Hürriyet Daily News published an article by Semih Idiz headlined "The AKP has already lost the elections."
"Whatever the results of the March 30 elections, the Justice and Development Party (AKP) is very likely to end up in the minority. Not that it will come out last or anything. In fact it will probably come out on top. But it will not get the 50 percent it is relying on to be able to feel as strong and invincible as it once appeared to be," the article begins.
"The AKP will get something under 50 percent of the votes, and it is that which will make it the minority, even if it gets most of the votes as a party. Angry protests from AKP officials on hearing this, as they underline the fact that they won the elections, will also be pointless. That win will not alter the fact that they are no longer the majority," the author writes.
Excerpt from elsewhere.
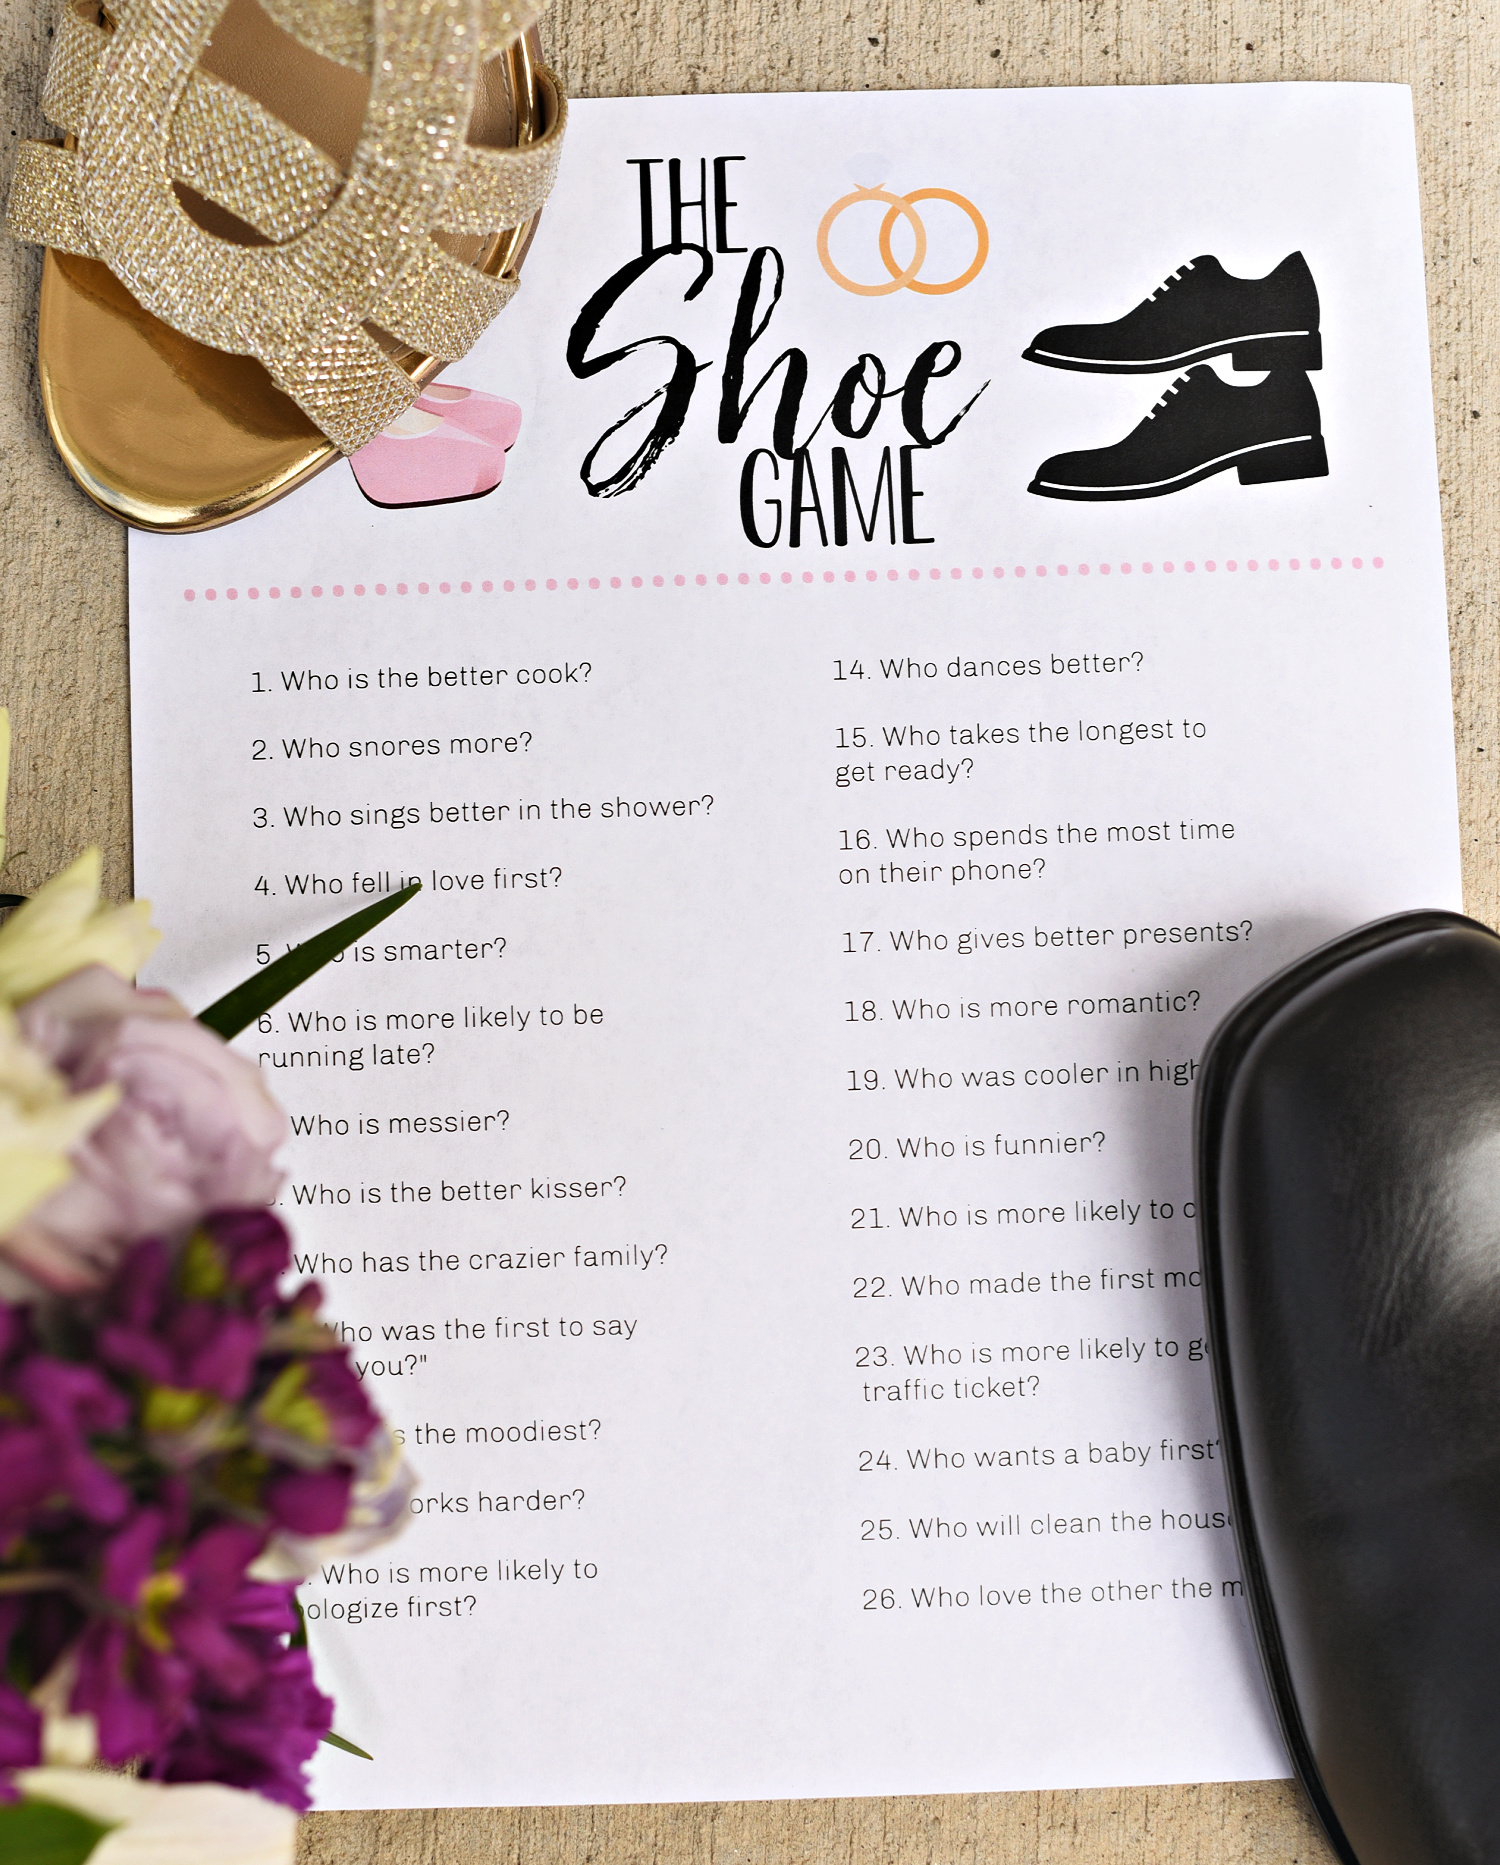 The Wedding Shoe Game
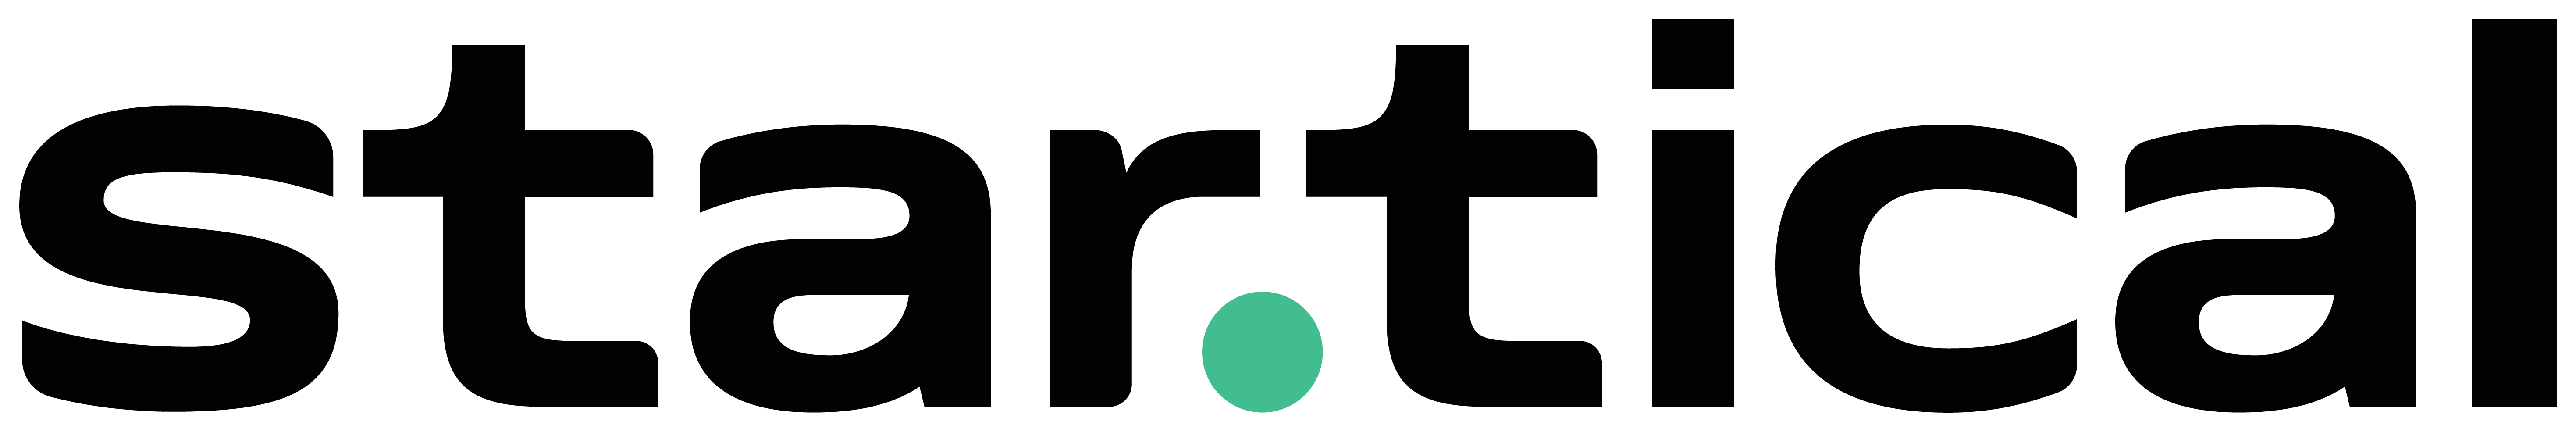 Startical logo

"The AKP has only itself to blame for this seemingly skewed understanding of the situation. It is, after all, Prime Minister Recep Tayyip Erdoğan and his ministers who have gone on interminably about the 50 percent of the votes they got in the last elections. It is also they, with their simplistic “winner take all” understanding of democracy, who have been behaving as if this 50 percent makes them a majority and gives them the authority to do more or less whatever they like," the article reads.
"Having turned pluralistic democracy into a clear-cut “us and the rest” situation, the AKP will no longer be able to claim to be the “voice of the nation,” which of course it never was, when the collective vote of the other parties is over 50 percent," Idiz believes.
The same media outlet published an article by Murat Yetkin devoted to the same topic. According to the author, the coming local elections will be critical for Turkey.
"The local elections will be an indicator, like a huge public opinion poll for the coming two general elections. One of them is the presidential one in August 2014. The other one is the parliamentary elections in June 2015, with a possibility that the government could want it earlier, perhaps in 2014," the author writes.
"The March 30 local elections will be a major challenge for Prime Minister Tayyip Erdoğan – on top of Parliamentary opposition – because of two reasons and regarding two cross sections of Turkish society," he believes.
"The Kurdish problem is another challenge. Erdoğan has started dialogue with Abdullah Öcalan, the imprisoned leader of the outlawed Kurdistan Workers’ Party (PKK) through his intelligence chief Hakan Fidan. Sharing the same grassroots with the PKK, the Peace and Democracy Party (BDP) in the Parliament is involved in the talks," the article reads.
"Let’s assume that all AK Parti voters from 2011 think that all the corruption allegations are the lies of those who want to topple Erdoğan and will vote for him again. Will it be possible for him to rule the country the way he has been ruling so far? That doesn’t seem to be very possible given the picture above," the author concludes.